For some time now, two messages have been slowly taking over my subconscious mind, like a constant hum in the background. They are subtle thoughts, but always at the edge of my consciousness, vying for my attention. The first commanded and launched me into action whenever I went shopping. Canned goods, canned goods . The words drilled like an obsessive sergeant demanding obedience, and I watched myself grabbing cans off the shelves.
When I reached the checkout counter, the cashier said, Back again? Another large family get together?
Yeah, big eaters.
I lied, laughing and pointing to the cart full of cans of green beans, mushrooms, baked beans, pumpkin, chili, tamales, tuna, salmon, chicken, and corn.
My kitchen pantry was already crammed with cans, and when I arrived home, I examined our closets. What could I move? I grabbed sweaters and scarves off shelves, stuffed them into drawers, took pants off hangers, and piled them on the dresser.
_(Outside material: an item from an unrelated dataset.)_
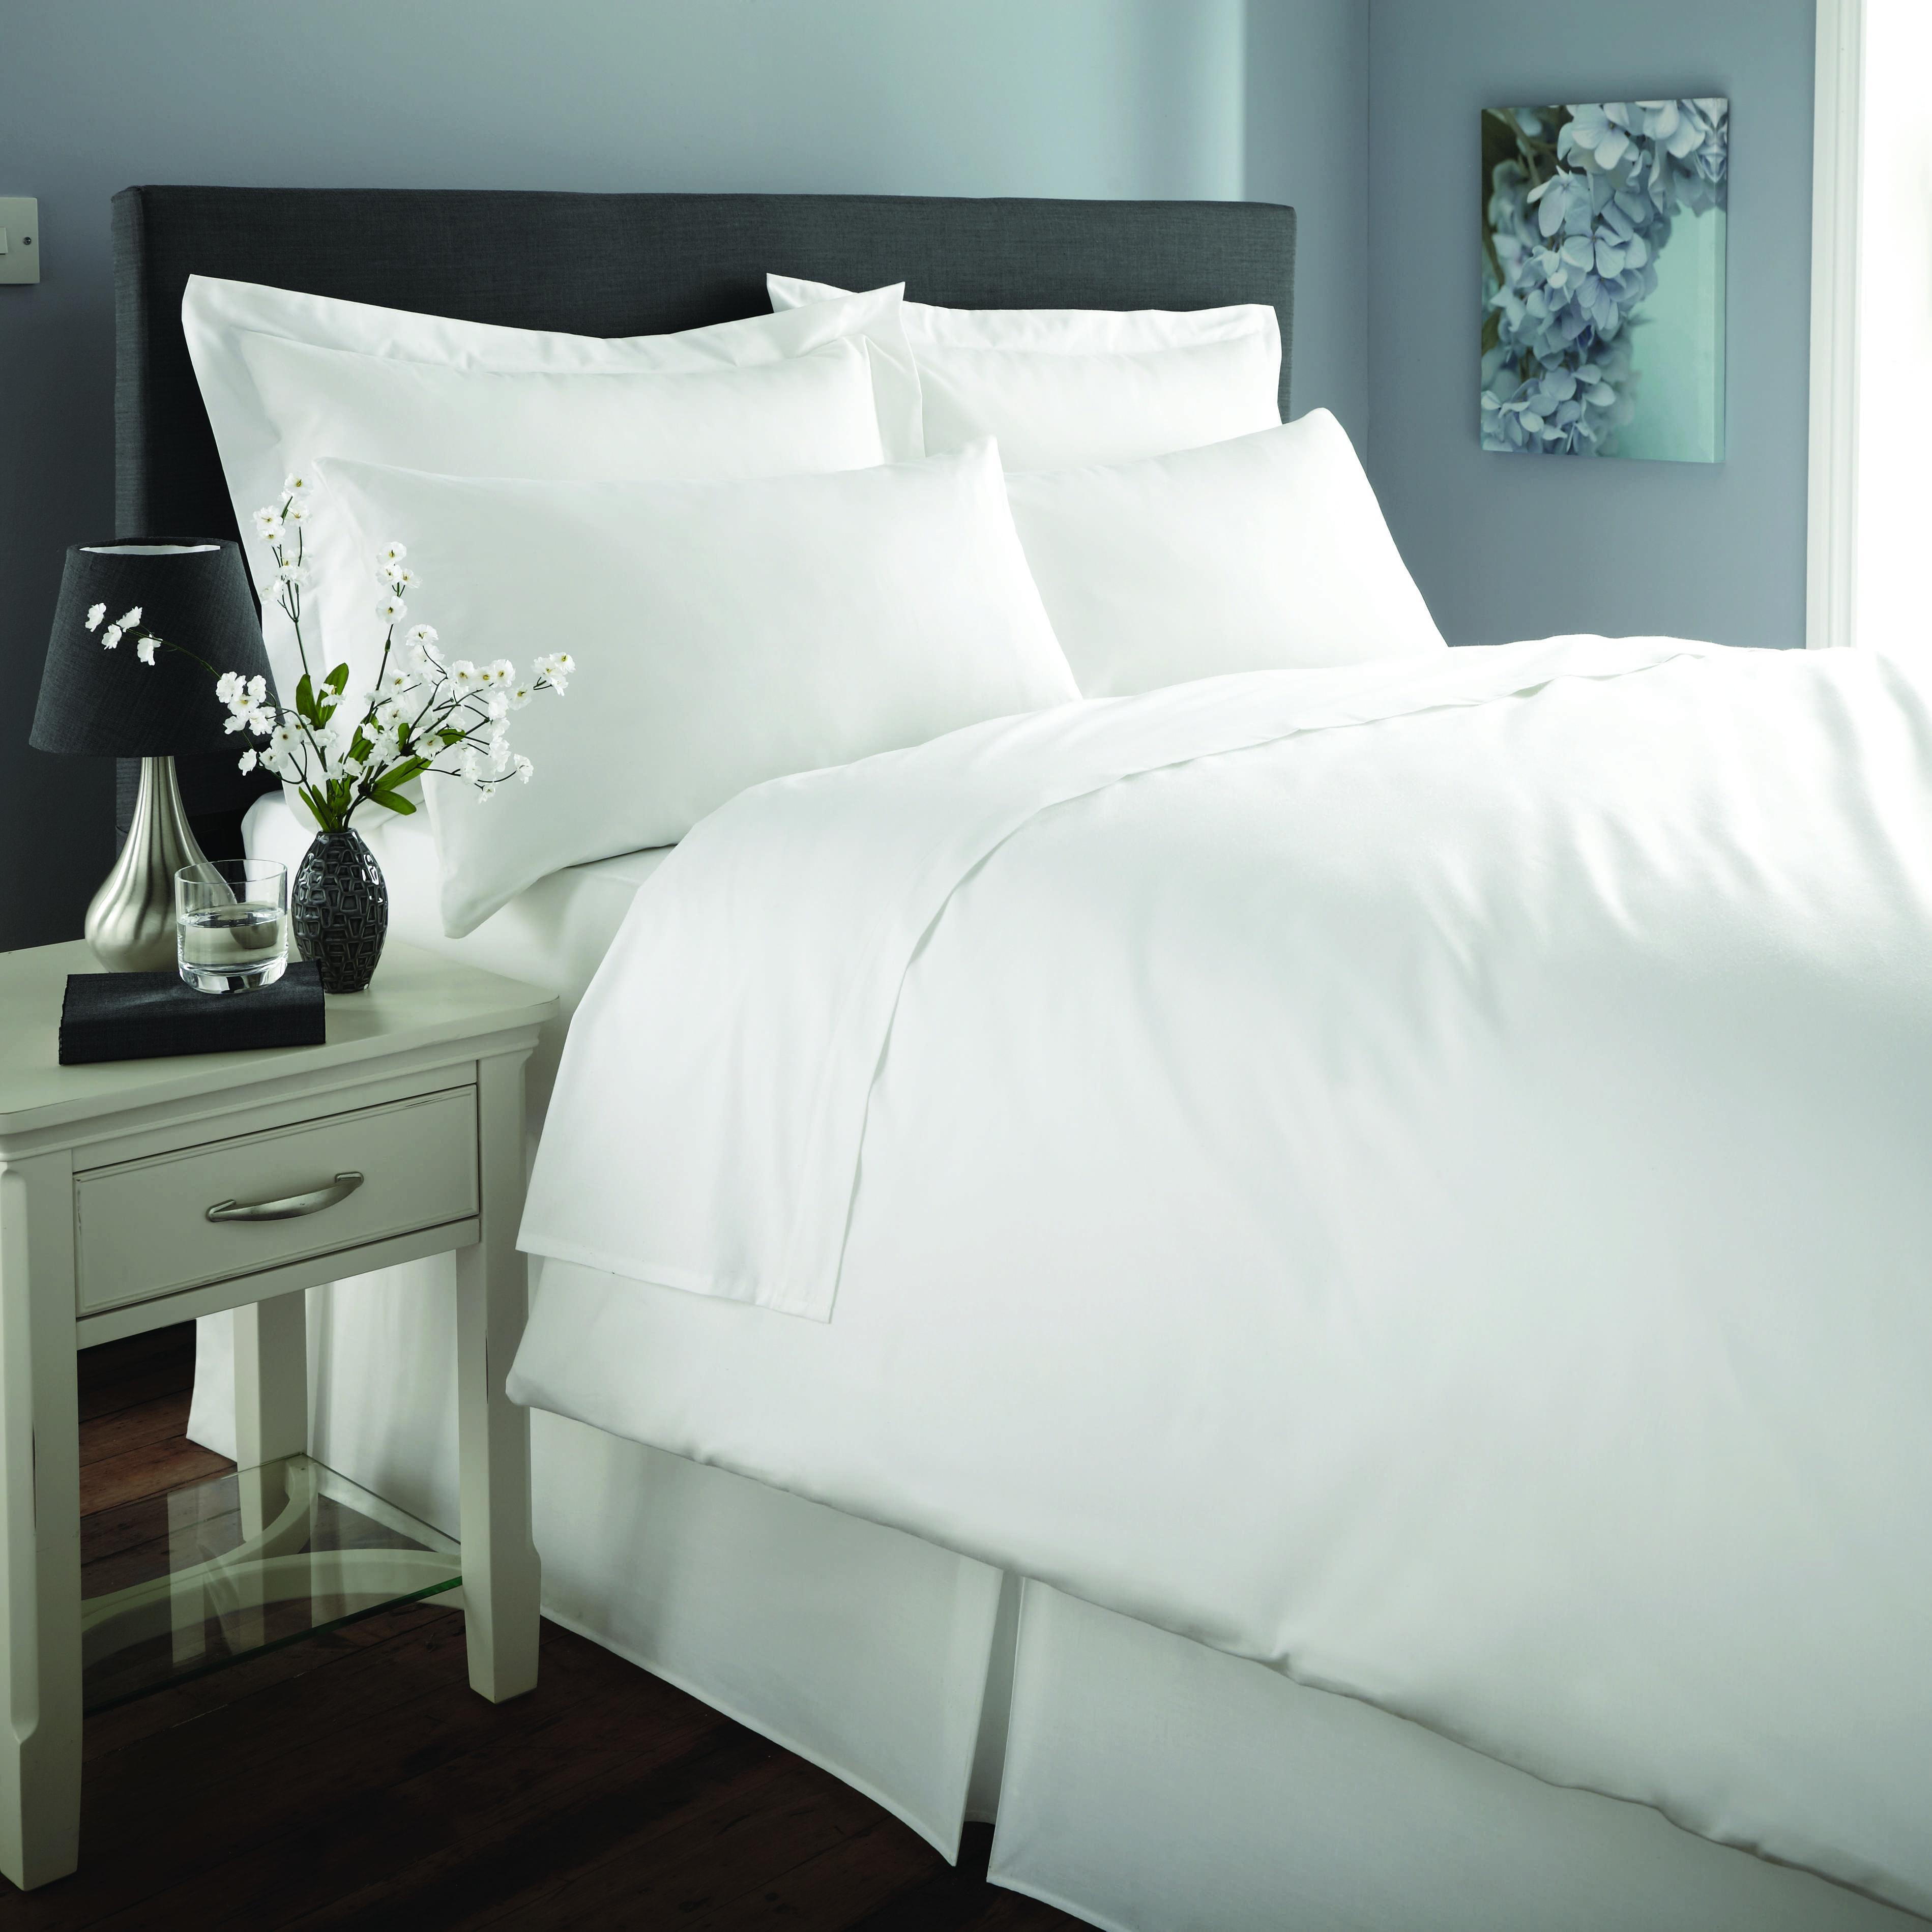 Musbury 100% Pure Cotton Hotel Double Flat Sheet In White

I shoved the remaining clothes to the other side of the closet. Now that I'd made room, I dragged our newly purchased bookshelf and crammed it into the space. Not a designer’s dream but functional. Loaded with armfuls of cans, I lumbered through the hallway. Three cans slipped out of my grasp, fell to the ground, and I couldn’t see my feet or the floor. Stepping on a can of corn, I stumbled, and more cans tumbled onto the carpet. After unloading, I picked up the strays. Back and forth from kitchen to bedroom. So many cans now double and triple stacked on the shelves. I’d toiled and plodded like a worker ant, intent on finishing the task.
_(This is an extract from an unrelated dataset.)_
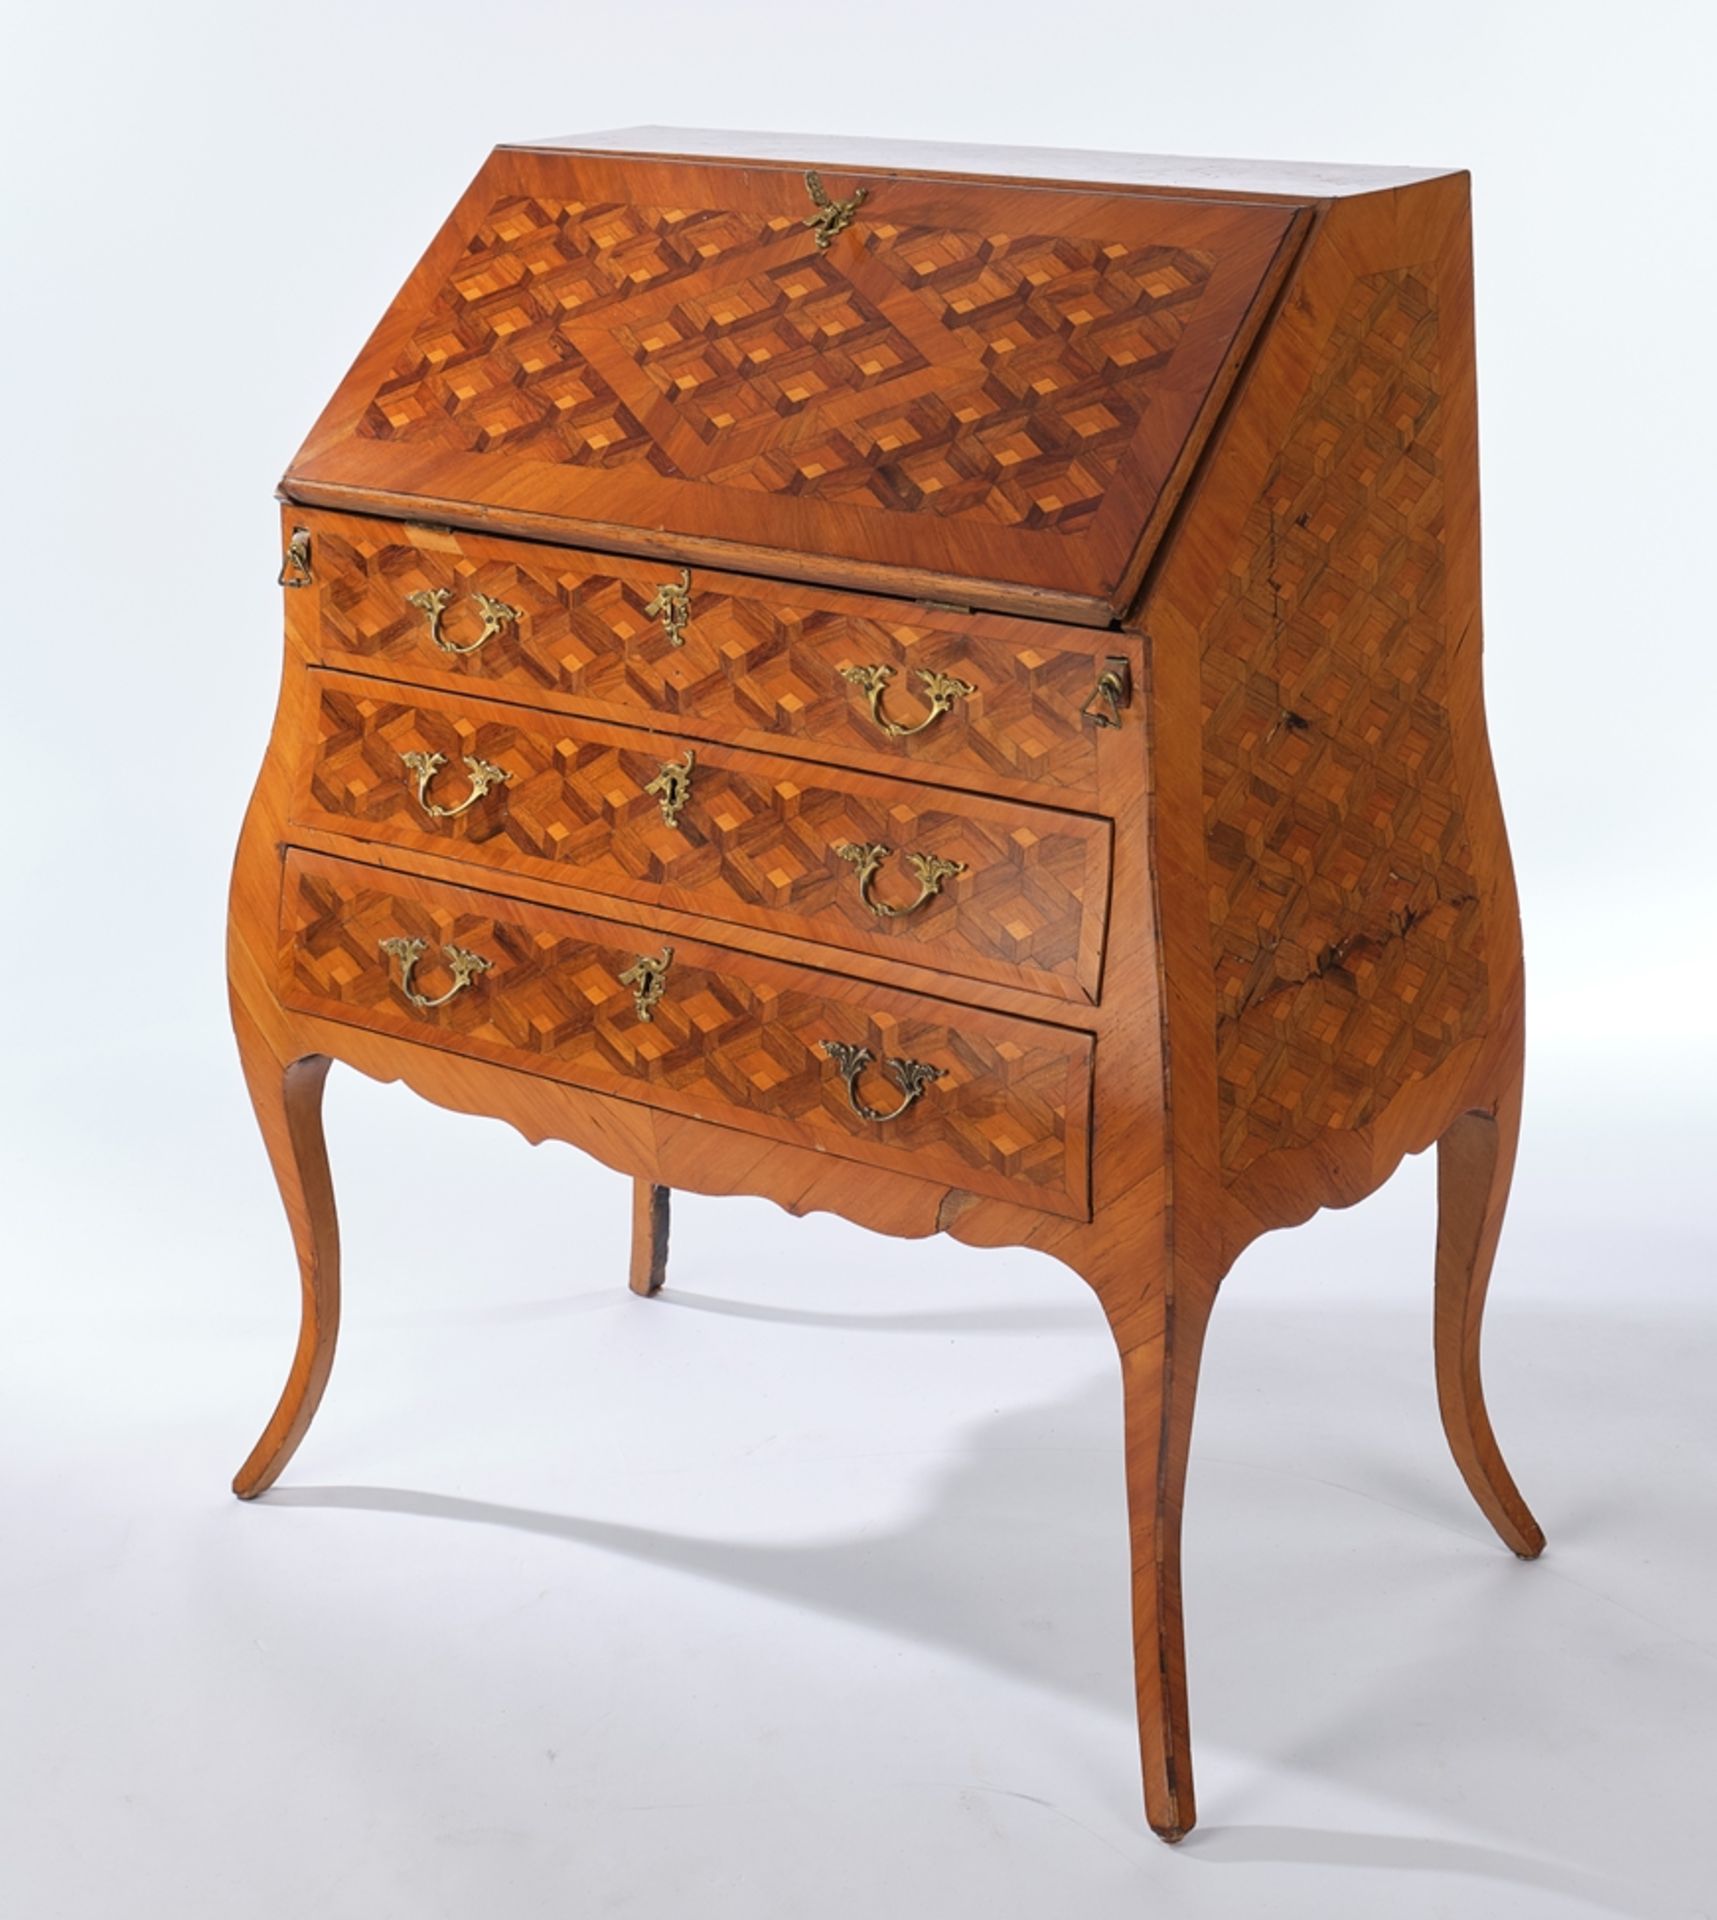 Louis XV style lady's bureau, German, probably 19th cent. walnut and various ornamental woods, camb

Why was I obsessing over canned goods? Was I senile? At the age of thirty, not likely. Eccentric? Maybe, but not losing my marbles. Subliminal suggestions? Intuition? Premonition? Lately, when I least expected it, glimpses of future events would come to me. However, these flashes were, at best, poor previews of a hidden movie. I couldn’t make sense of them. All I could say was—the idea of storing cans compelled me—it was vital, and I complied.
The second message
was far less tangible. The abstract idea of spring hummed its tune in a much more ethereal and aesthetic way. Images of springtime filled my mind. Chartreuse buds studding the tips of branches. Slender green daffodil stems with their leaves poking through the soil and their blossoms unfolding into bright yellow sunrises. Dew kissing the ground. Tiny birds chirping in nests. A caterpillar emerging as a butterfly. The brown of winter morphing into myriad shades of green. And the crisp air with its scent of freshness, the breeze tickling my nose with the sweet fragrances of roses, gardenias, and daffodils.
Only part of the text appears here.